Jamie noticed her emphasis on the legal basis of the research. “Can you explain to me exactly what that is?” she asked.
 

“In the UK, any experiment involving vivisection, where we use a live animal for experimentation, must be granted a license from the Home Secretary. The license is only given when the benefits to society outweigh the adverse effects to the animal.”
 

“What’s your definition of adverse?”
 

“It depends on the procedure. The definition of vivisection is that the animal is alive when we experiment but of course we use anesthesia, so there is no pain.
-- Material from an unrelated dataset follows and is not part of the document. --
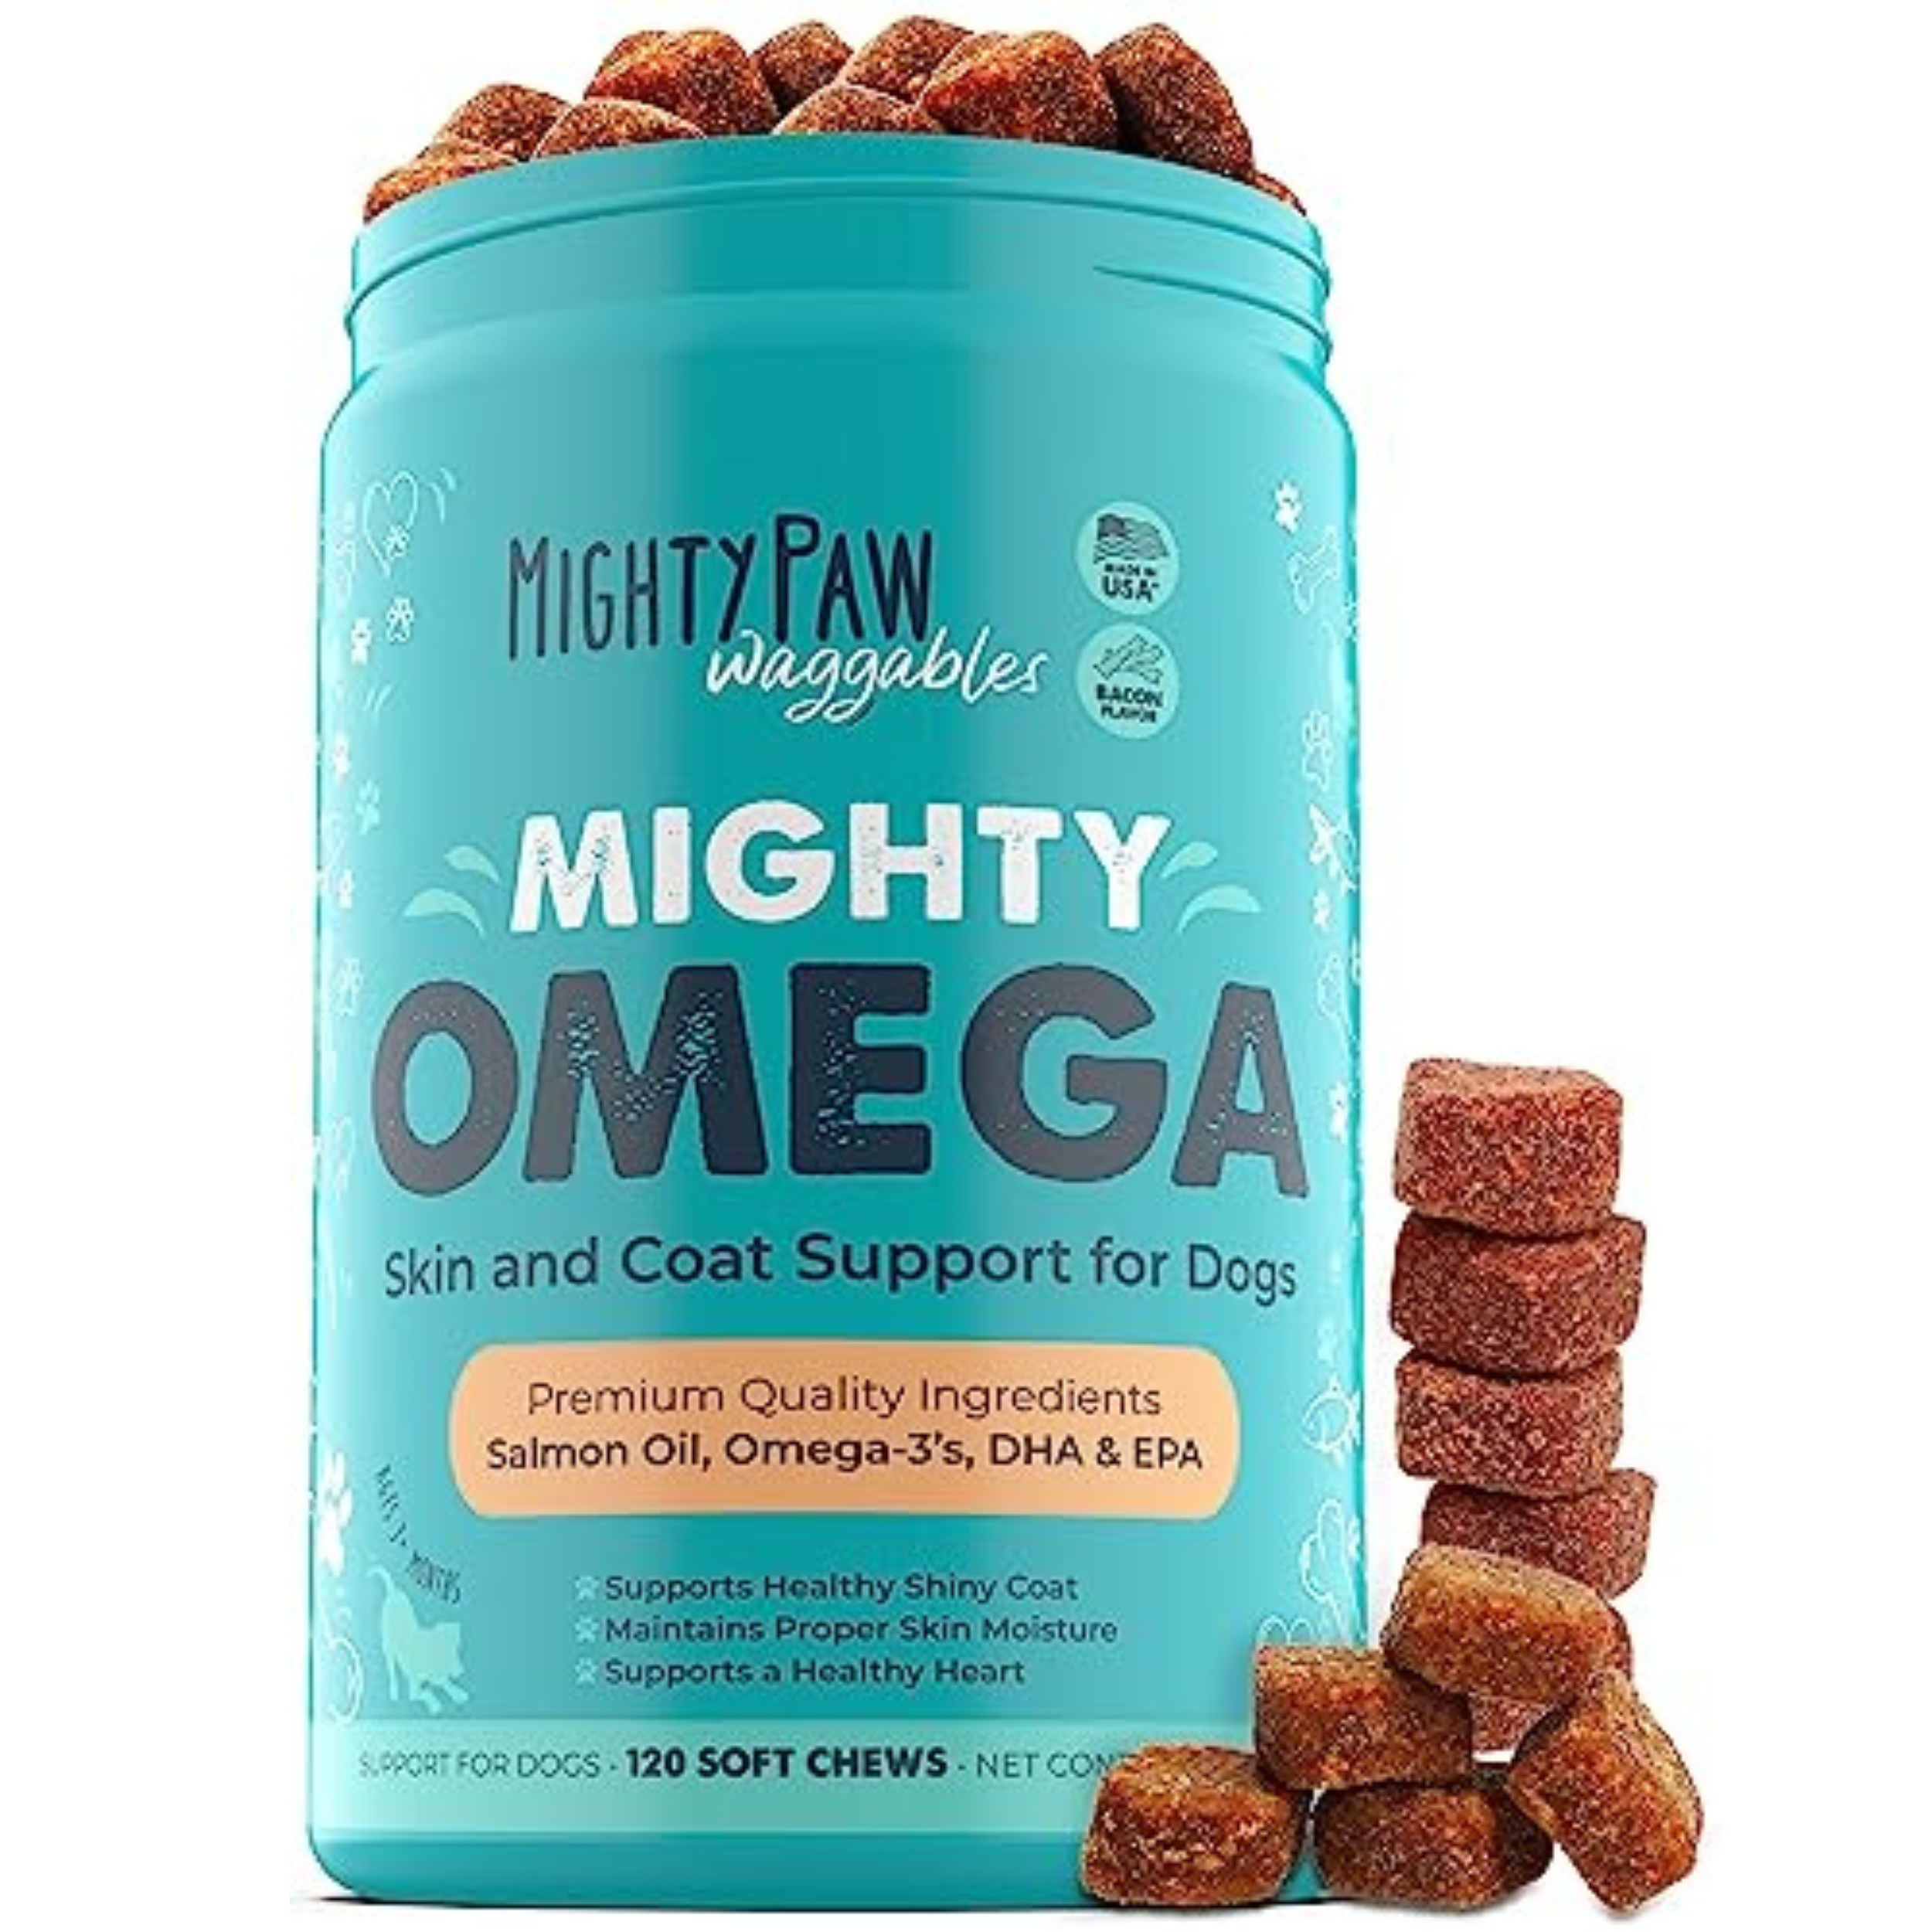 Mighty Omega Salmon Oil Supplement: A Treat for Healthy Skin and Coat

We also have an external ethics committee.”
 

“Why was Jenna so against this practice?”
 

“She believed it was morally wrong to inflict pain or injury on another animal, for whatever reason, and so any kind of animal experimentation would be unacceptable.” Esther shook her head. “But Jenna was short-sighted about this, she only saw the propaganda spread by the anti-vivisectionists, and she put everything in the same box.”
 

“What do you mean by that?” Jamie asked.
 

“Well, I agree that it’s pointless to test household products by spraying them into the eyes of rabbits, and there are some needless experiments where positive results on animals have no application to humans. But here, we carry out genetic research, and since we cannot experiment on humans, we must make do with animals, as did the great John Hunter. Although of course, he did experiments on live animals with no pain relief.”